Interdições minam paciência na estrada

Por causa de protestos dos trabalhadores rurais sem-terra ou mesmo devido à falta de condições de trafegabilidade das estradas, empresas do setor de transporte intermunicipal e interestadual - de cargas e passageiros - já contabilizam, somente neste ano, pelo menos oito interdições das rodovias estaduais ou federais em Mato Grosso.

Transtornos, riscos de acidentes, prejuízos financeiros e operacionais ou mesmo ameaças contra motoristas que tentam furar as barreiras devido à preocupação com o prazo de entrega de cargas - muitas vezes perecíveis - são alguns dos problemas enfrentados por quem tem que ficar horas parado à beira de uma estrada.

Os prejuízos, conforme o secretário executivo do Sindicato das Empresas de Transportes de Cargas no Estado de Mato Grosso (Sindmat), Gilvando Alves de Lima, são difíceis de calcular. “Além de pagamentos extras, há perdas de alimentos perecíveis, animais emagrecem ou mesmo podem morrer. No caso de passageiros, que viajam com um certo conforto, a partir do momento em que passam horas parados na estrada podem ficar sem comida ou água”, comenta. Outro risco, conforme ele, é em relação à exposição de produtos inflamáveis por muito tempo ao sol.

Diante destas possibilidades, Gilvando de Lima considera os bloqueios um ato de irresponsabilidade. “Tem que existir uma medida preventiva para evitar que estas manifestações novamente aconteçam. Os sem-terra devem buscar alternativas legítimas de reivindicação”, diz.

Para Gilvando Lima, a partir do momento que os sem-terra interditam as rodovias e causam transtornos, se tornam “antipáticos” aos olhos da sociedade. Ele observa ainda que as rodovias são bens públicos e cabe aos órgãos responsáveis zelar e garantir pela correta e adequada trafegabilidade.

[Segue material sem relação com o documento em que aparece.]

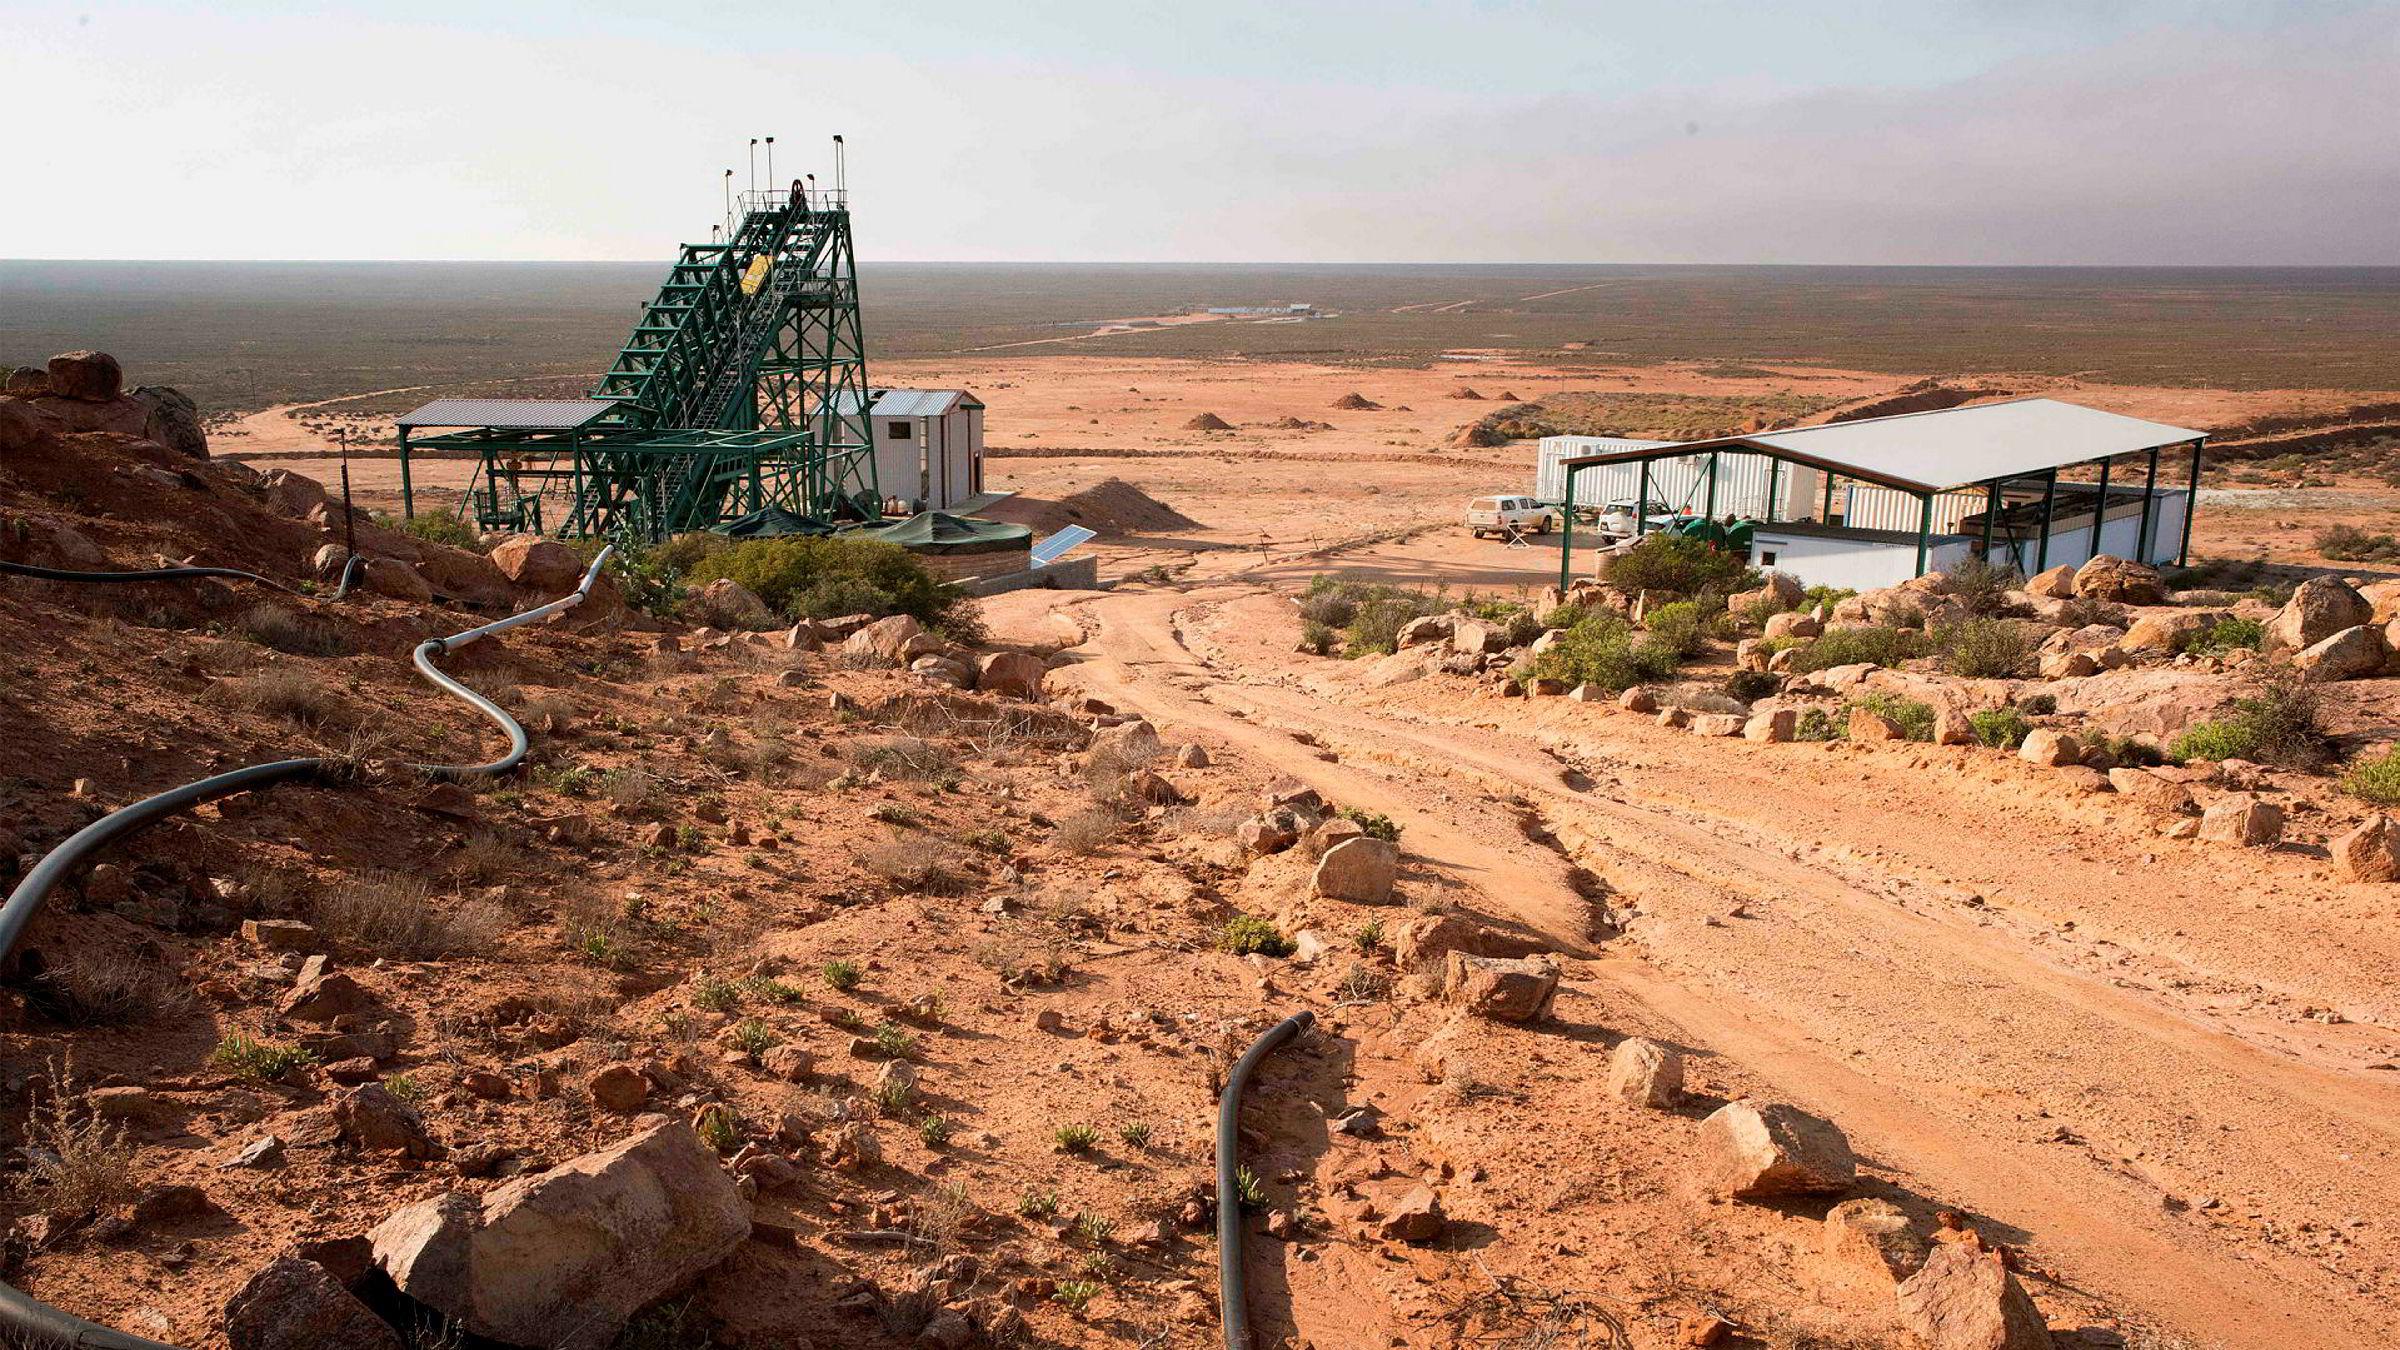 Geologiske ressurser er per definisjon ikke-fornybare og de er også begrensede, skriver artikkelforfatterne. Her fra Steenkampskraal-gruven i Sør-Afrika, som har et stort antall sjeldne mineraler.
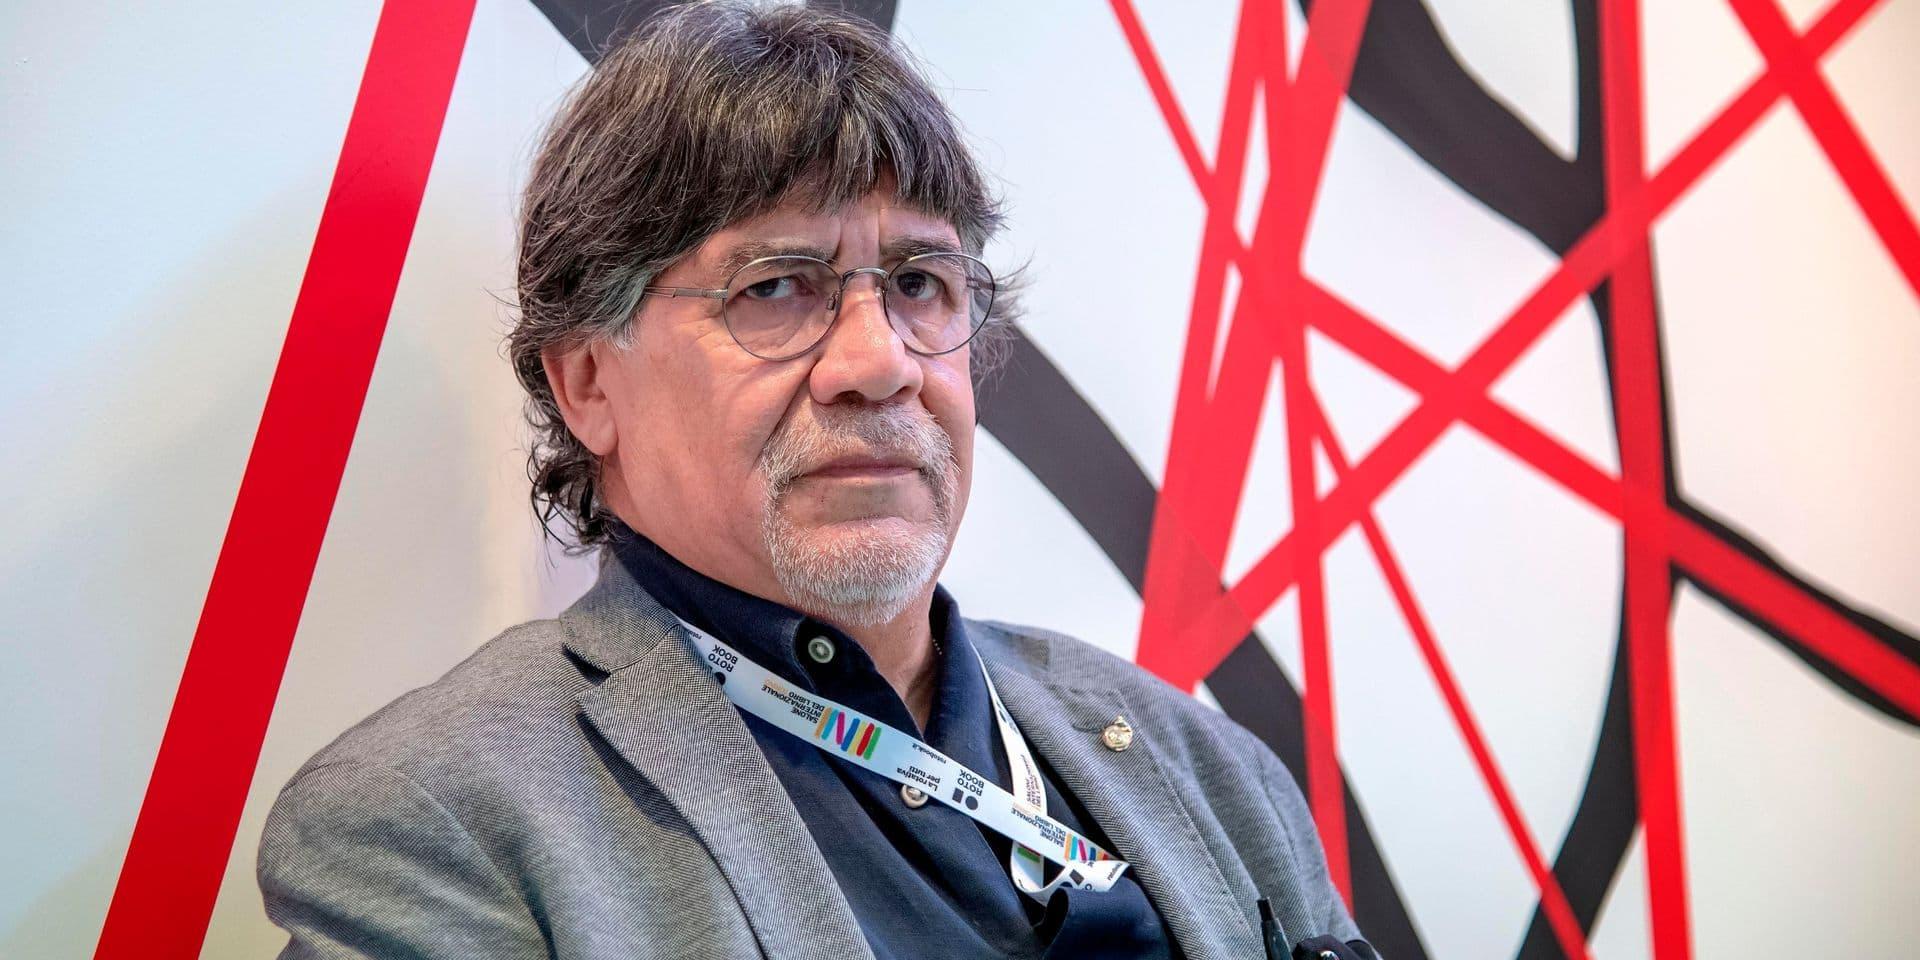 L'écrivain Luis Sepulveda est décédé à 70 ans des suites du coronavirus

Há, inclusive, a intenção do sindicato de reunir representantes dos movimentos, autoridades públicas e setores envolvidos para discutir o assunto. “Acreditamos que os sem-terra têm direito de se manifestar, mas não impedindo o trânsito de pessoas em um patrimônio que é de todos. Seus protestos devem ocorrer no ‘foro’ adequado”, pondera.

Gilvando de Lima lembra que quem trafega pelas estradas não pode ser ainda mais prejudicado, já que também enfrenta problemas de condições de trafegabilidade da pista. Para ele, as interdições provocadas em decorrência de excesso de chuvas revelam problemas logísticos e que colocam em cheque, exceto em casos de força maior, estudos feitos para instalação de pontes ou manilhas, por exemplo.

Interdições - No dia 27 de fevereiro, trecho da BR-364 cedeu em função de alagamento na pista. Além de congestionamento, o rompimento do asfalto da rodovia causou o tombamento de um ônibus. Várias pessoas ficaram feridas. Problemas de transbordamento de rios e desmoronamento também ocorreram nas BRs 163, entre Terra Nova do Norte e Peixoto de Azevedo, e 070, que liga a capital a Cáceres.

Ainda em fevereiro, por três dias seguidos, trabalhadores sem-terra bloquearam a BR-364, para cobrar agilização no processo de assentamento de famílias acampadas ao longo das rodovias do Estado. Mas recentemente, no início deste mês, a rodovia voltou a ser interditada por dois dias seguidos.